Runtime: 101 minutes 

Genres: Science Fiction, Comedy, Romance

Note: This movie was screened at the 2023 Sundance Film Festival in their “Premieres Section.” This was the World Premiere of the movie. 

The Pod Generation is the newest film from Sophie Barthes, a Franco-American filmmaker, and graduate of Columbia University. She's an alumna of the Sundance Screenwriters & Directors Lab, and this movie is her second feature to debut at the Sundance Film Festival. The Pod Generation follows a New York couple, Rachel (Clarke) and Alvy (Ejiofor), living in the not-so-distant future in a society where technology provides ever-more convenient living. A rising tech company executive, Rachel lands a coveted spot at the Womb Center, which offers couples a convenient maternity by way of detachable artificial wombs, or pods. Alvy, a botanist with an affection for nature, prefers a natural pregnancy. This film won the Alfred P. Sloan Feature Film Prize, making it the only film at Sundance 2023 to receive an award before the film’s release. 

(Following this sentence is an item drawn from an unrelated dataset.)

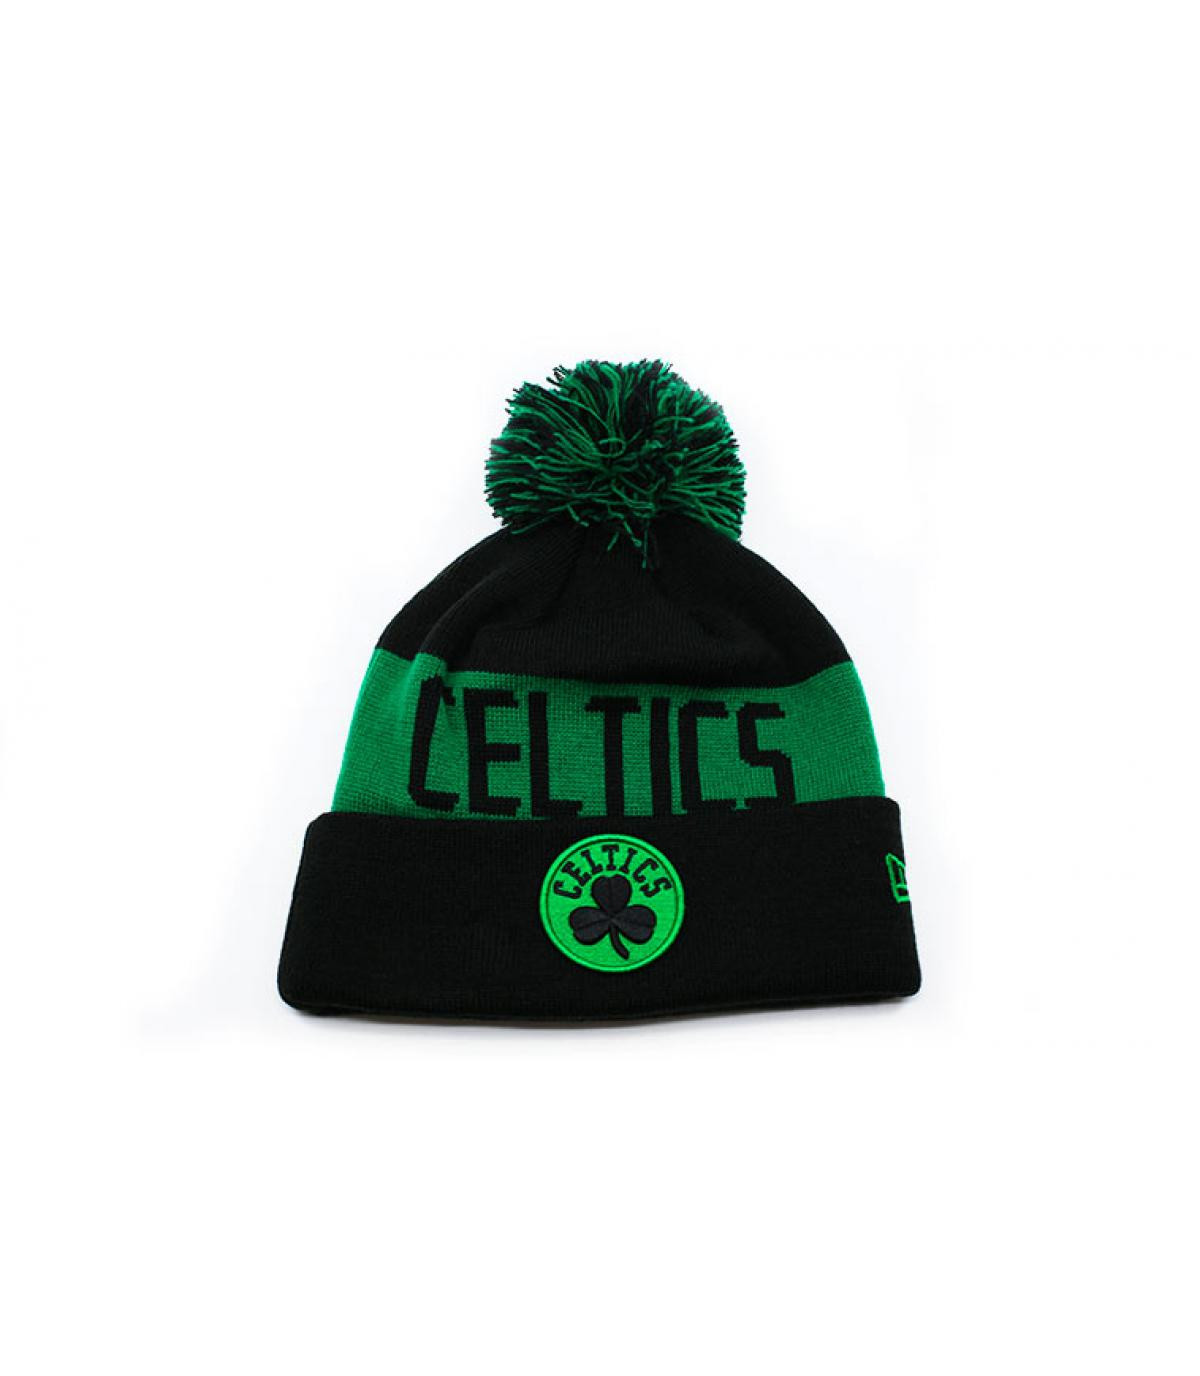 Details Team Tonal Knit Celtics - afbeeling 2

The Pod Generation is a clever and creative cautionary tale about the direction society is moving in, and it wisely questions whether that direction is for the greater good of humanity. This movie is science fiction at its best. It explores the dangers of automation and artificial intelligence, and does so in exciting new ways. Like other great sci-fi films, it asks many questions of its characters and its audience. Does an increasingly automated society begin to make life itself redundant? This is a question seemingly at the center of this story. In our own world, and in the world of this film, machines are taking over tasks previously completed by humans. While this can start as convenience, this film poses the possibility our reliance on technology could move so far in one direction we forget what it means to be a human being. The dystopian society on display in this movie is subtle, and just a notch beyond what's already happening in our own world. 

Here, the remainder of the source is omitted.